§ INPUT DATA
----

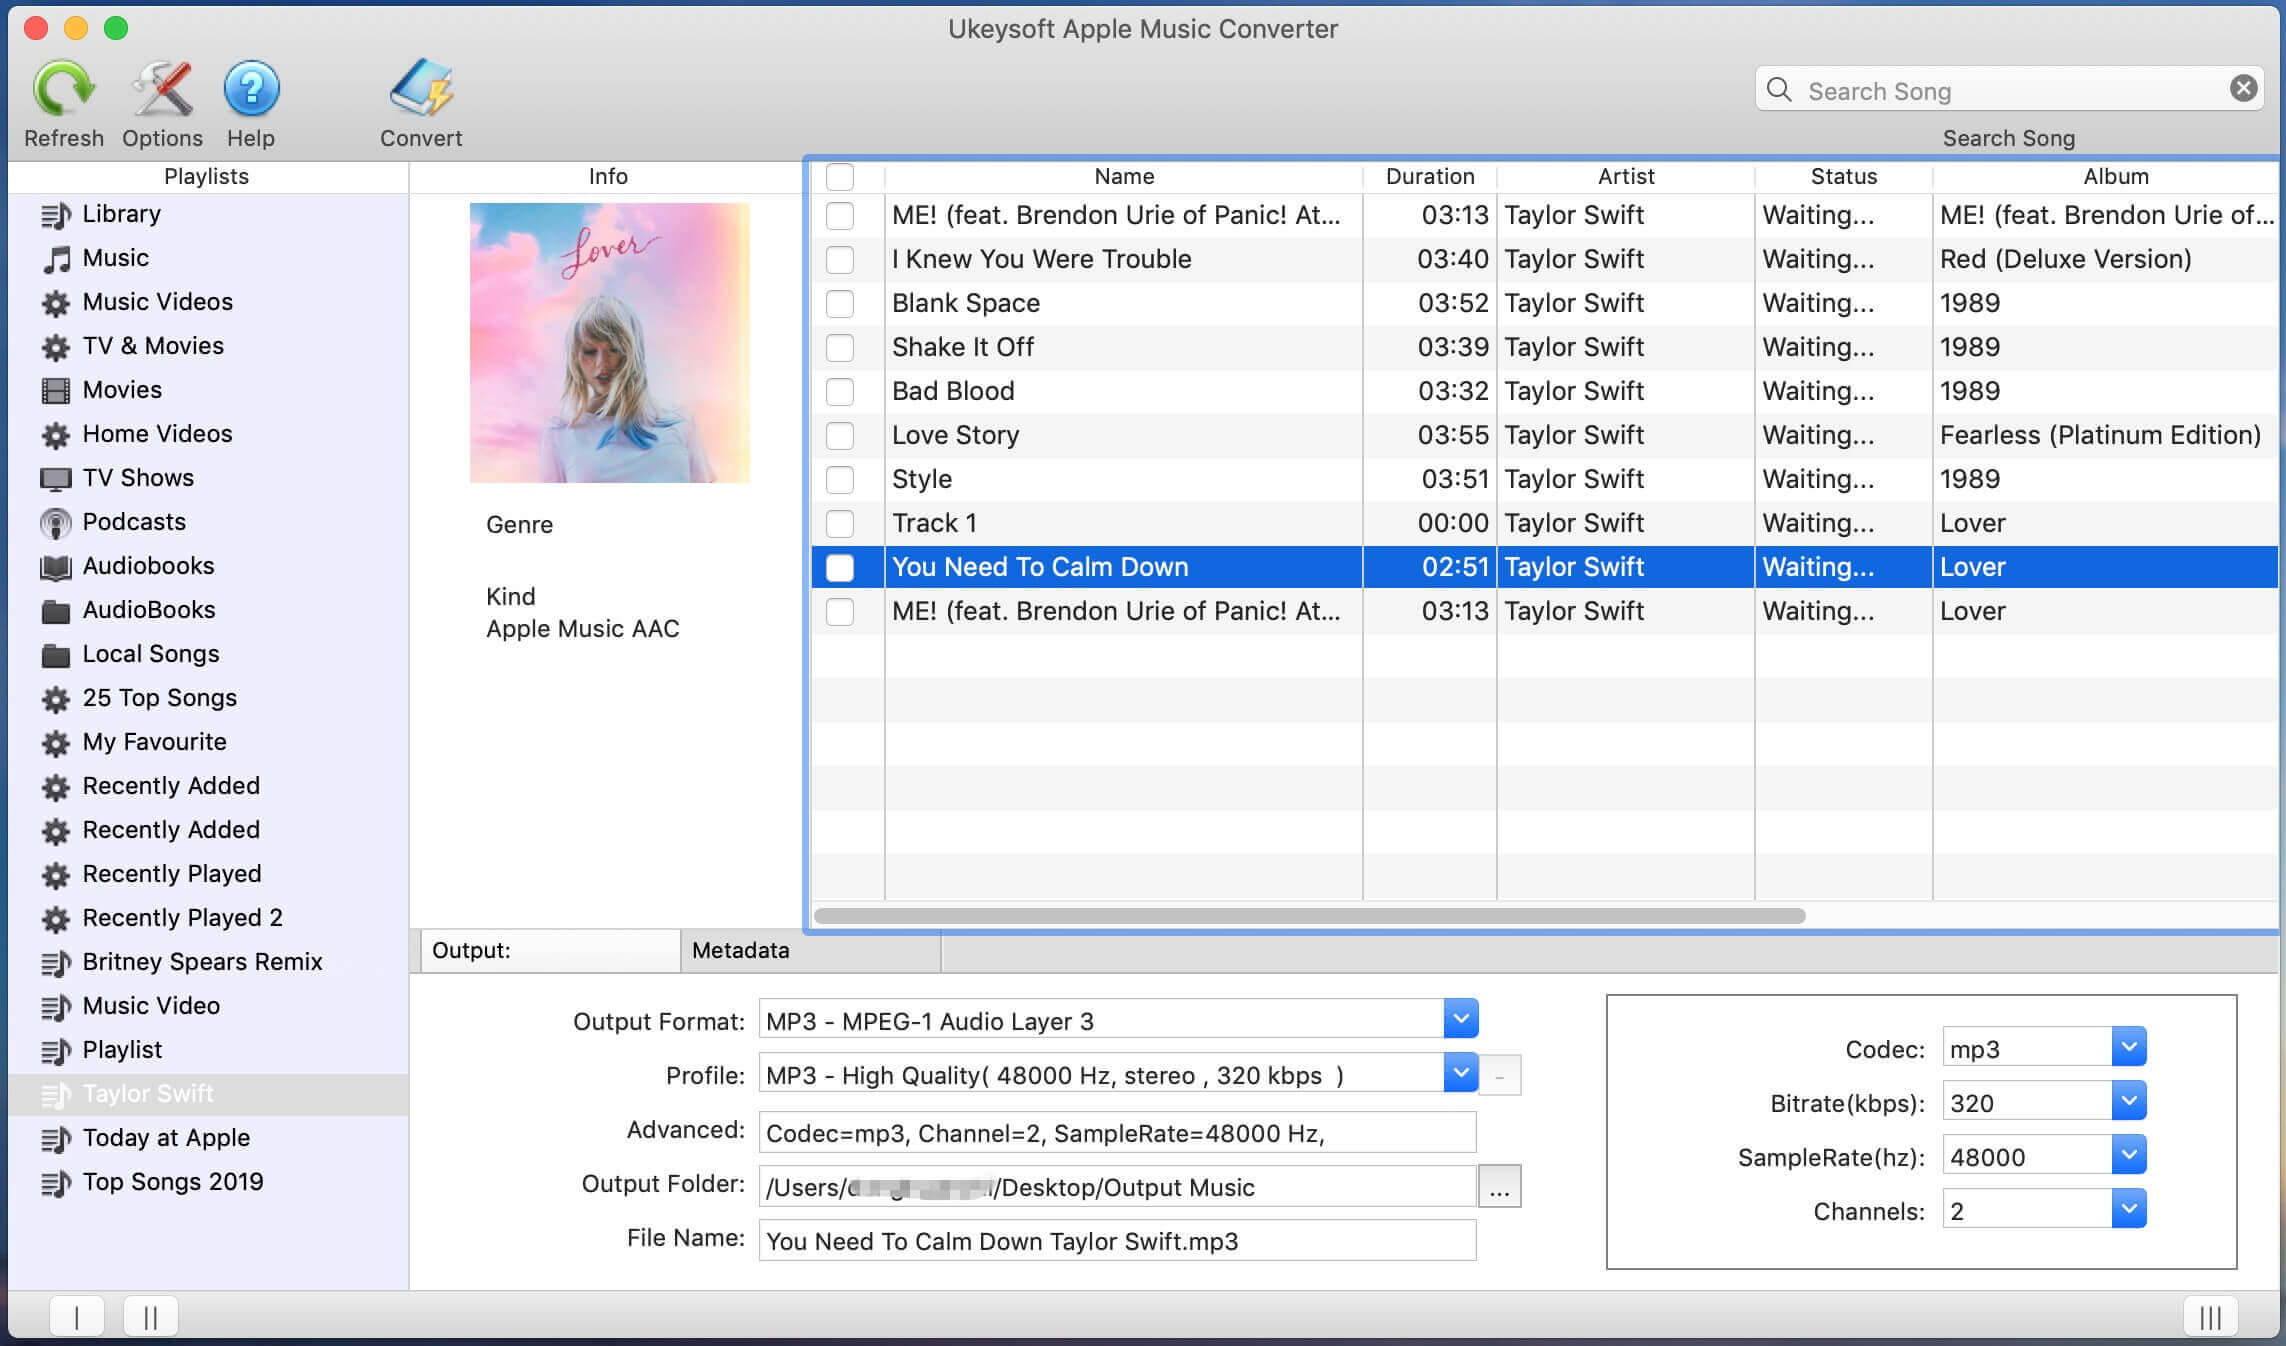 Start UkeySoft Apple Music Converter
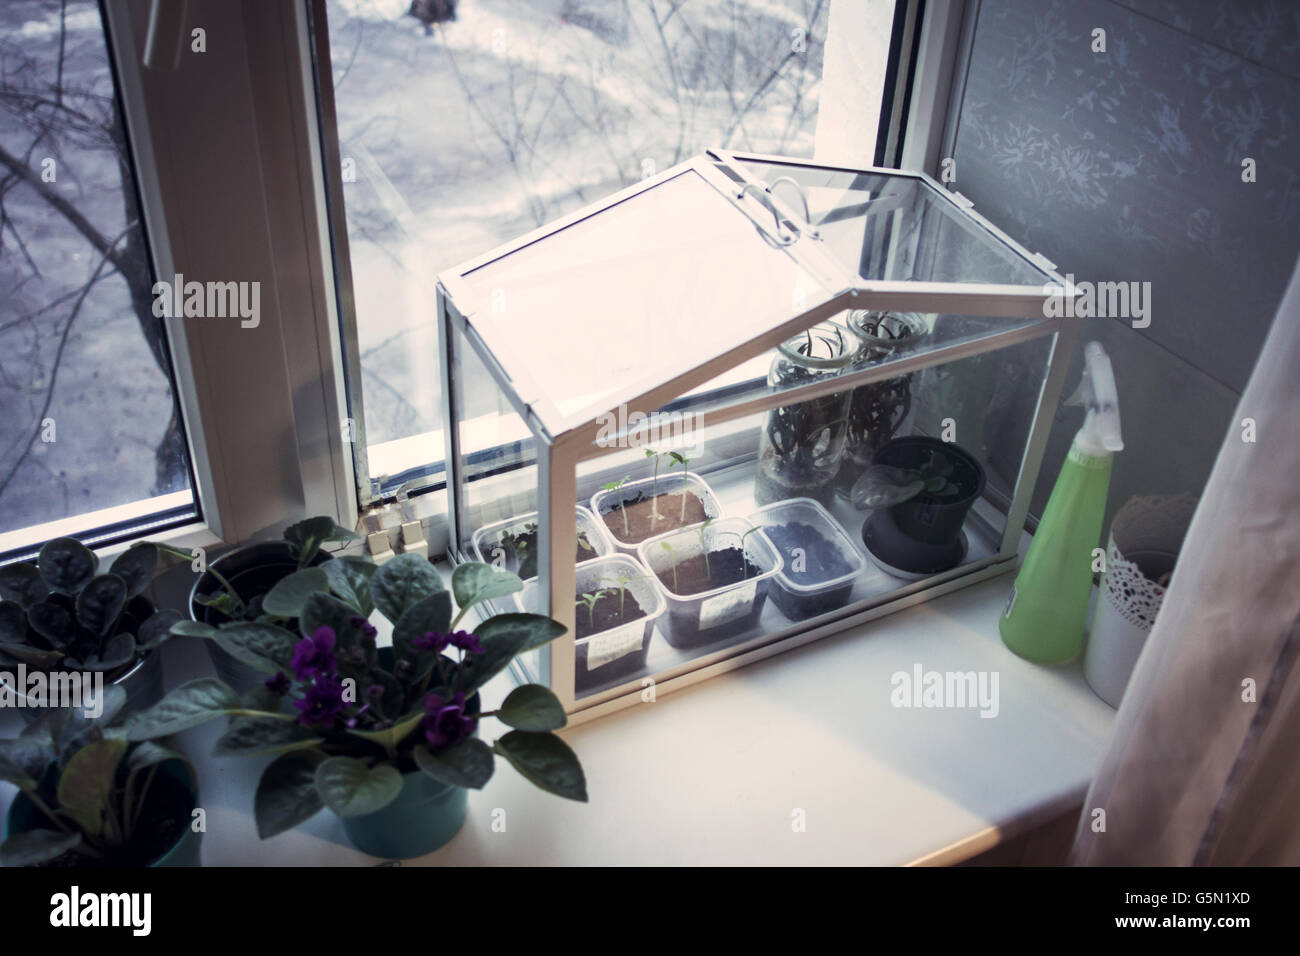 Terrarium plants growing in window Stock Photo
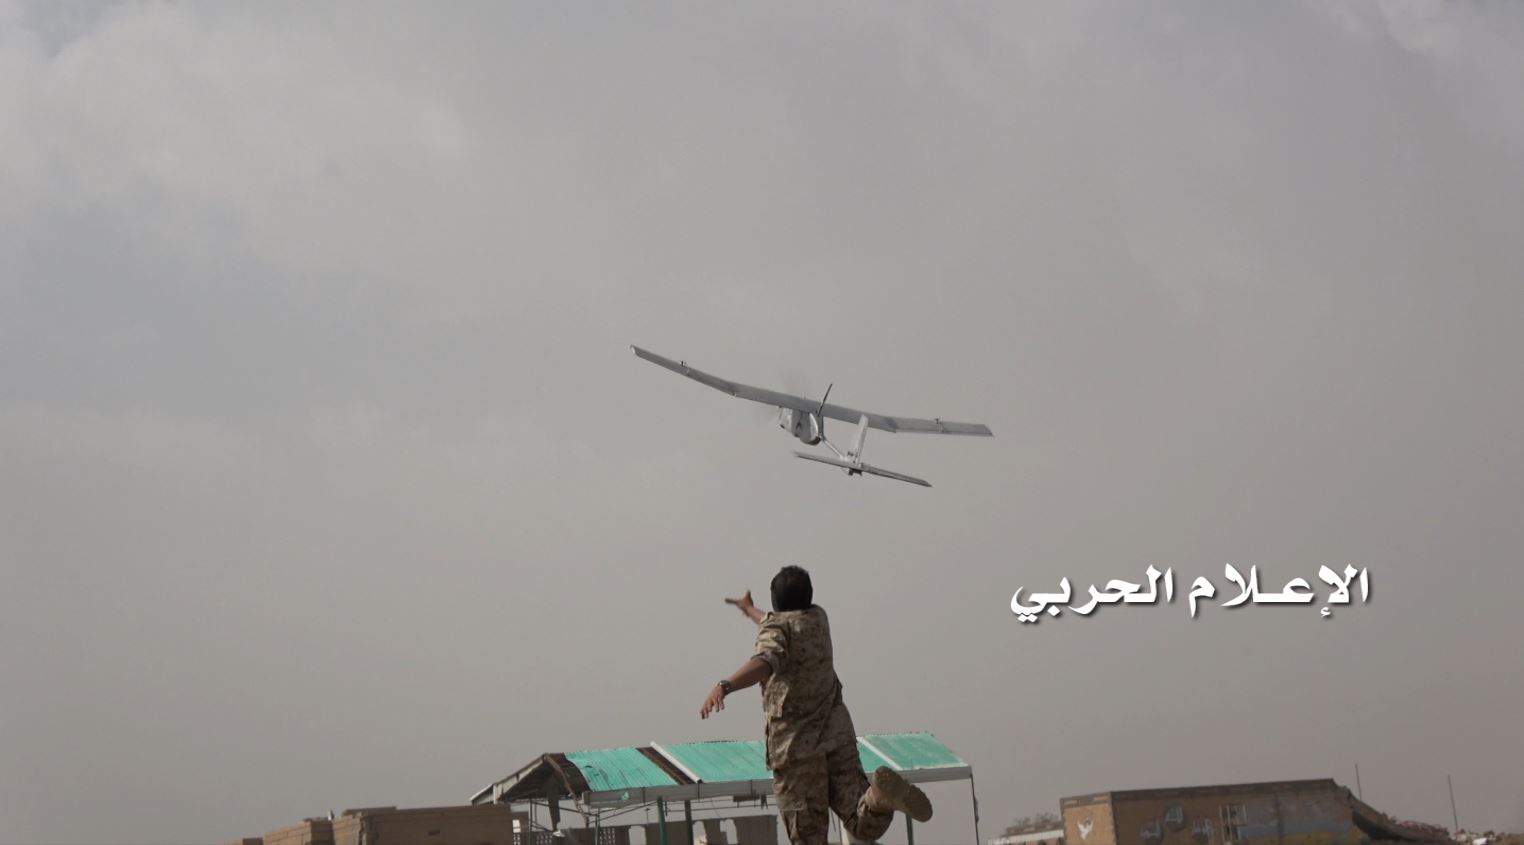 " الحوثيون" استهداف 3 مطارات سعودية بطائرات مفخخة والإصابات دقيقة وبيان من تحالف دعم الشرعية 7
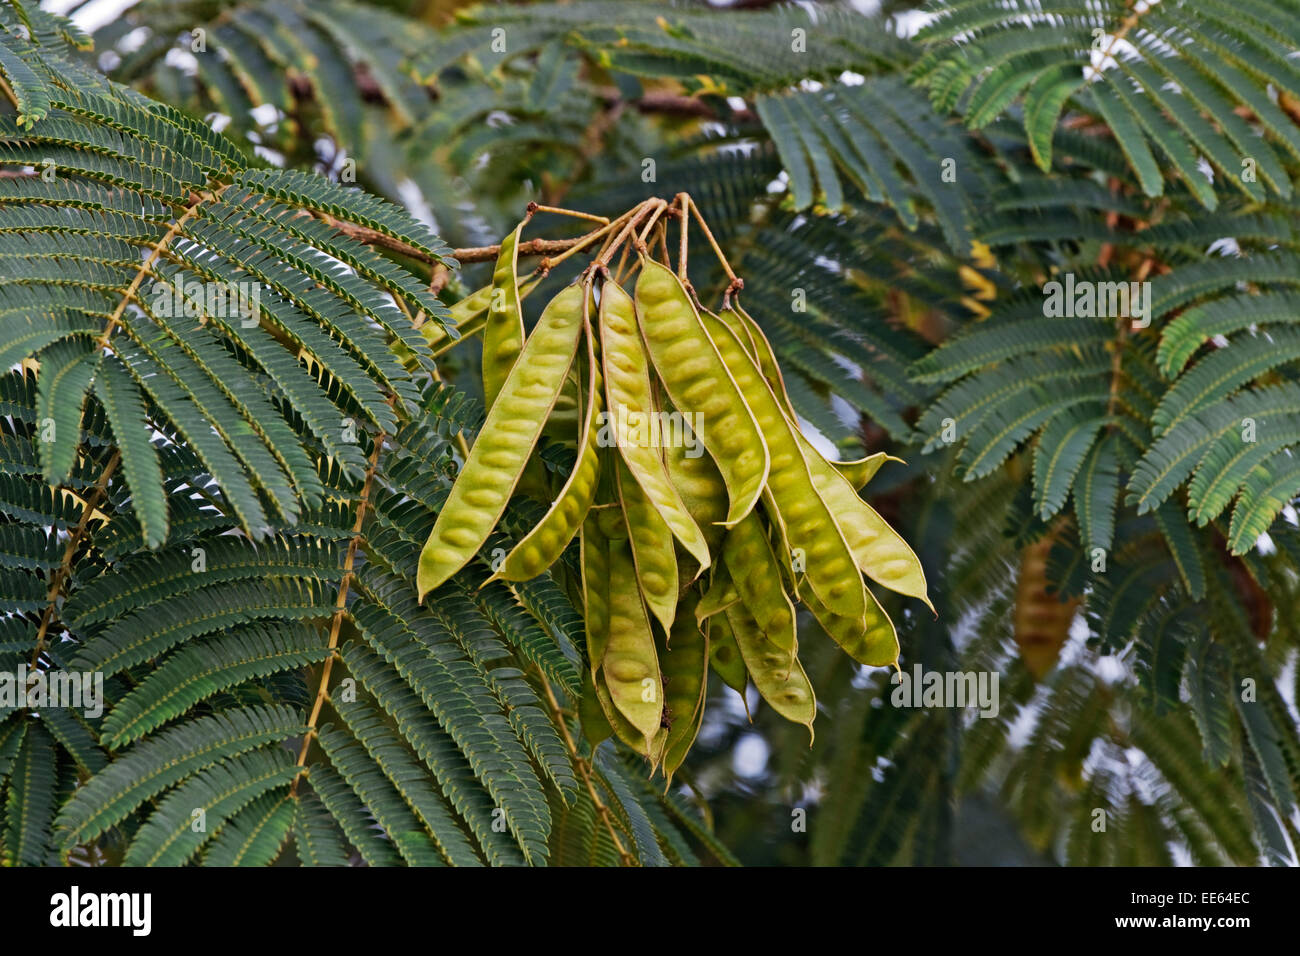 Silktree (Albizia julibrissin) Stock Photo

----

§ YOUR OBJECTIVE
Without any pictures, please write out the lines from the one containing "دعم الشرعية 7" through the final line of the data, exactly and inclusive of both ends.

§ YOUR RESPONSE
 " الحوثيون" استهداف 3 مطارات سعودية بطائرات مفخخة والإصابات دقيقة وبيان من تحالف دعم الشرعية 7
 Silktree (Albizia julibrissin) Stock Photo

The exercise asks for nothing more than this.